Irfan Khan/Los Angeles Times/TNS

Wind Turbines in Los Angeles in May 2013.

Emma Edmund, Reporter

In December, the Evanston City Council approved the Climate Action and Resilience Plan, which included a 100 percent renewable electricity supply for Evanston by 2030.

The comprehensive plan is Evanston’s latest response to the harmful impacts of climate change, offering several goals for the city to achieve in the coming years. In addition to the renewable electricity goal, these goals include phasing out single-use plastics by 2025 and becoming carbon neutral by 2050.

“We need to do all we can at the local and the state level because I think efforts of the federal government are kind of stalled,” said Ald. Eleanor Revelle (7th). “We can’t afford not to do anything and wait for something to change in Washington, D.C. It’s really important that we as individuals, we as a community and we in the state of Illinois really take it upon ourselves to do all we can.”

The plan is not Evanston’s first plan to combat negative environmental effects. Previously, the city introduced the Evanston Climate Action Plan in 2008 and the Livability Plan in 2014. Both plans successfully reduced greenhouse gas emissions by 13 percent and 19 percent, using 1990 and 2005 levels as the base measurements, respectively.

Evanston’s most recent plan follows an October report from the Intergovernmental Panel on Climate Change, which warned that failure to curb climate change could result in disastrous effects, such as wildfires and food shortages.

The plan, while focusing on mitigating the impacts of climate change in the Evanston area, also works toward adapting to climate change consequences that are likely to occur, according to Mariana Oliver, a member of the CARP working group and a Northwestern graduate student. One thing she looked at was the possibility of extreme heat in the future.
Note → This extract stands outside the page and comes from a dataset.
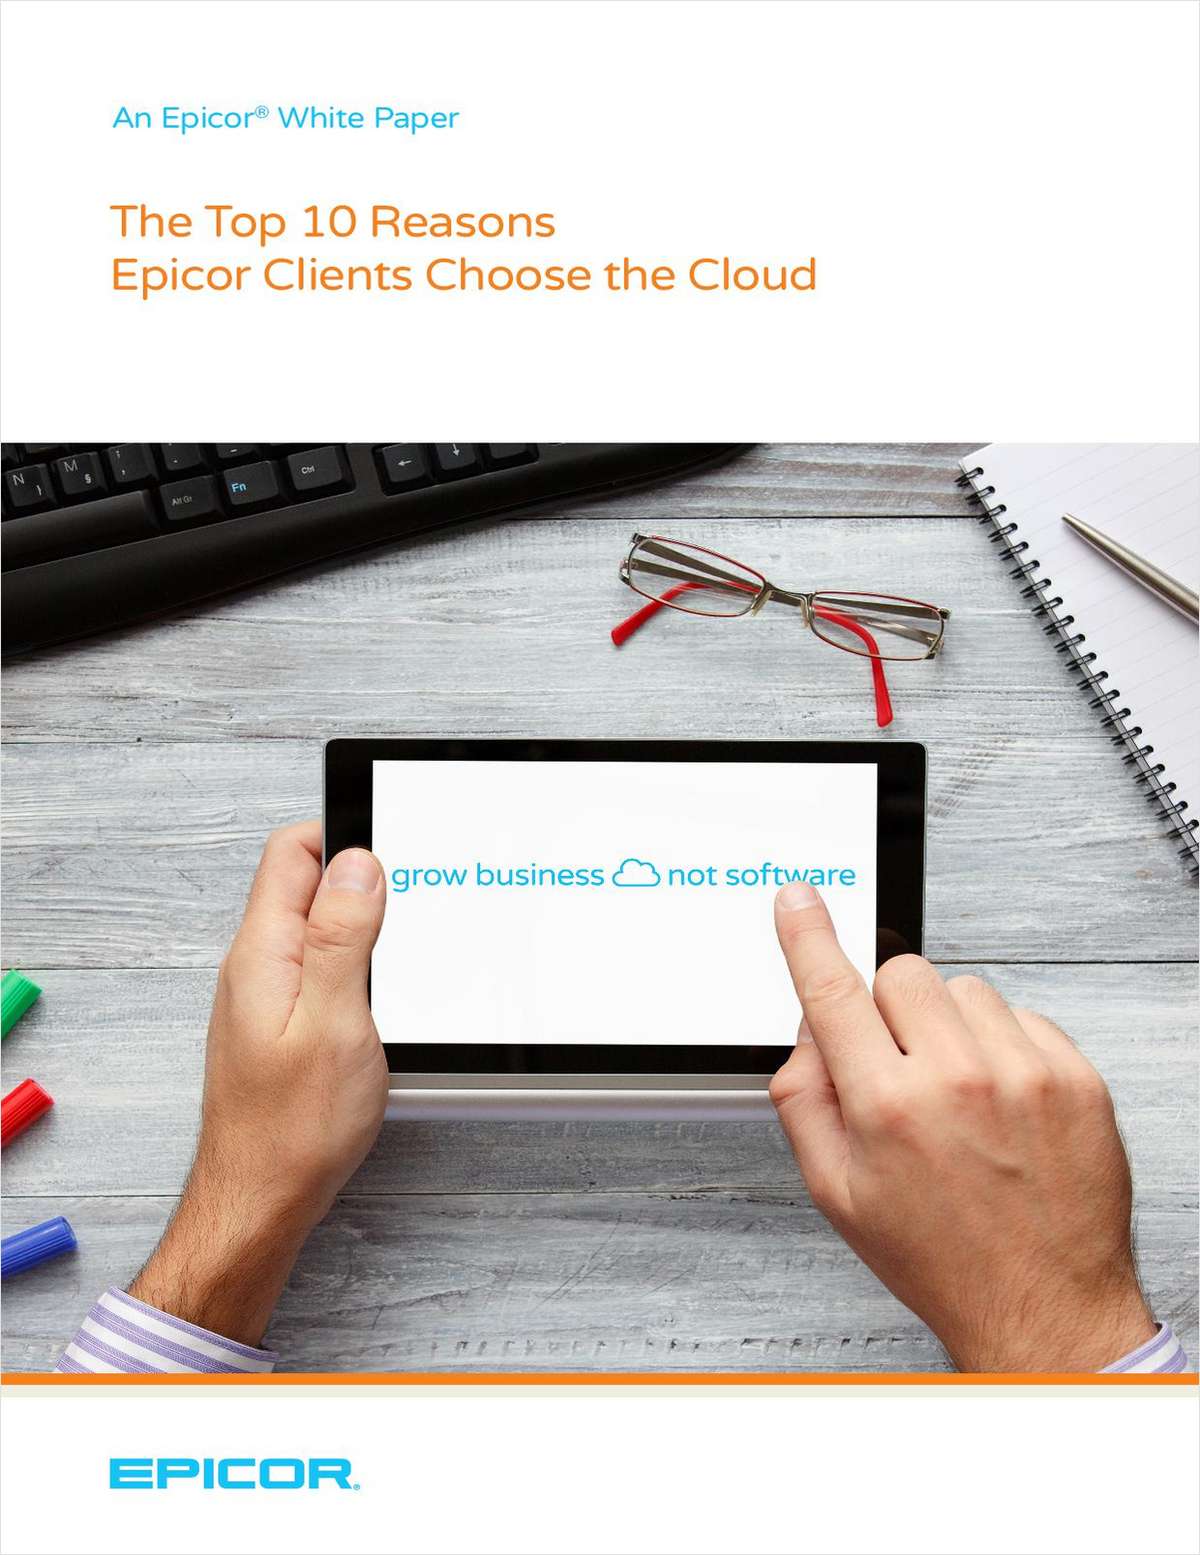 The Top 10 Reasons Epicor Clients Choose the Cloud

“Evanston does have a sizeable elderly population,” Oliver said. “One of the big concerns — in terms of if there’s a big heat wave — (is) if certain residents don’t have access to air conditioners. Certainly that could be dangerous for a lot of those elderly residents that don’t have access to those resources.”

While the plan calls for concrete steps to combat climate change, it also includes more abstract objectives, such as providing education campaigns that encourage actions like reducing energy consumption. In addition to CARP, city staff are expected to release a more detailed implementation proposal in March, according to the City of Evanston’s website.
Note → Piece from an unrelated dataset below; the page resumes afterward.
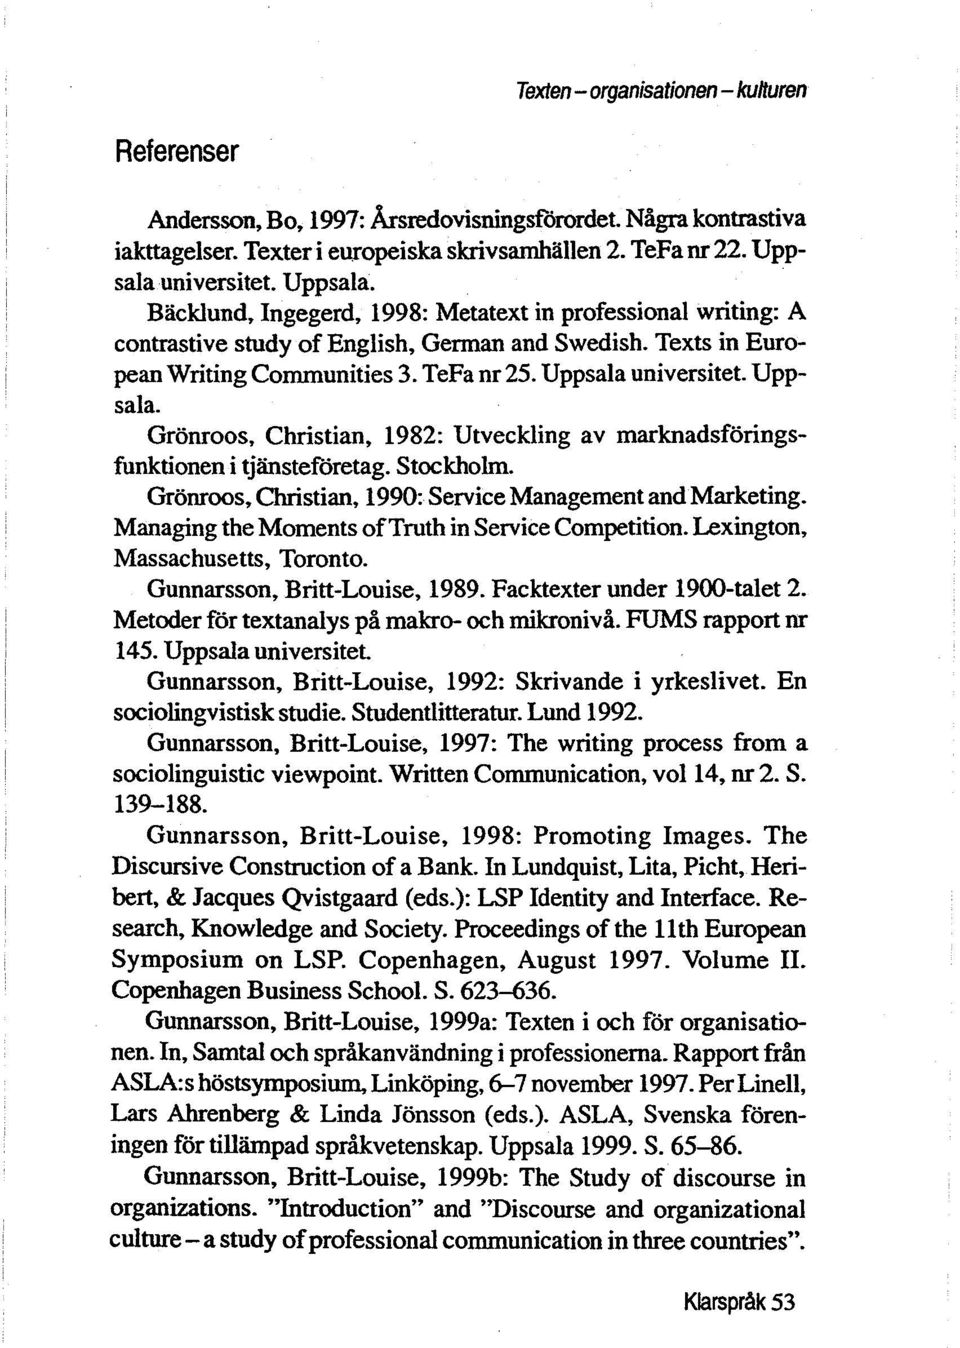 Uppsala. Gronroos, Christian, 1982: Utveckling av marknadsforingsfunktionen i tjansteforetag. Stockholm. Gronroos, Christian, 1990: Service Management and Marketing.

For Ald. Donald Wilson (4th), the culture change associated with fostering better environmental habits is governed through the educational component of the plan.
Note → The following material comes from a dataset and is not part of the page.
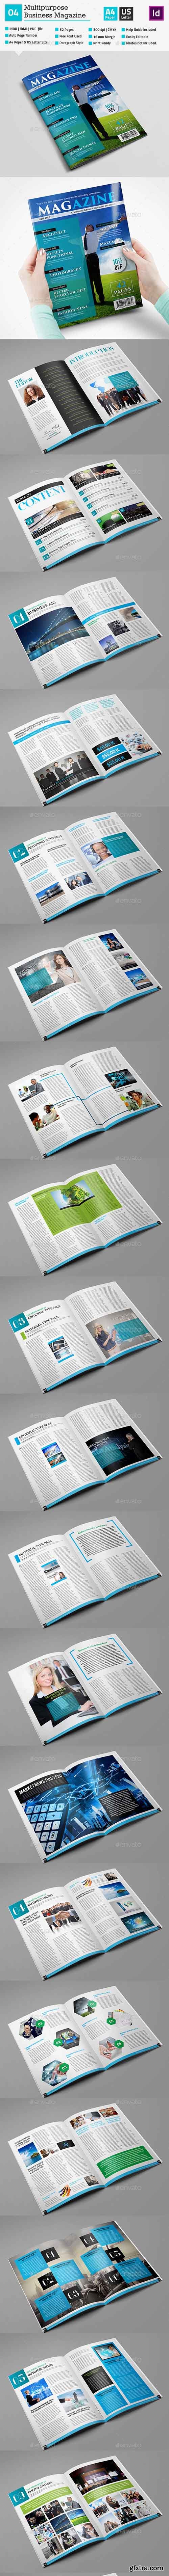 GR - Multipurpose Magazine Template_Indesign 52 Page_V4 10823679

“If we’re going to really effectuate long-term change, one of the main things we really need to do is to change how and what we consume and how we get ourselves around,” Wilson said. “It’s going to require people to do things differently: consume less, consume more thoughtfully, walk more, bike more, be more amenable to allowing the city to develop infrastructure that does support more comfortable pedestrian and bicycle options.”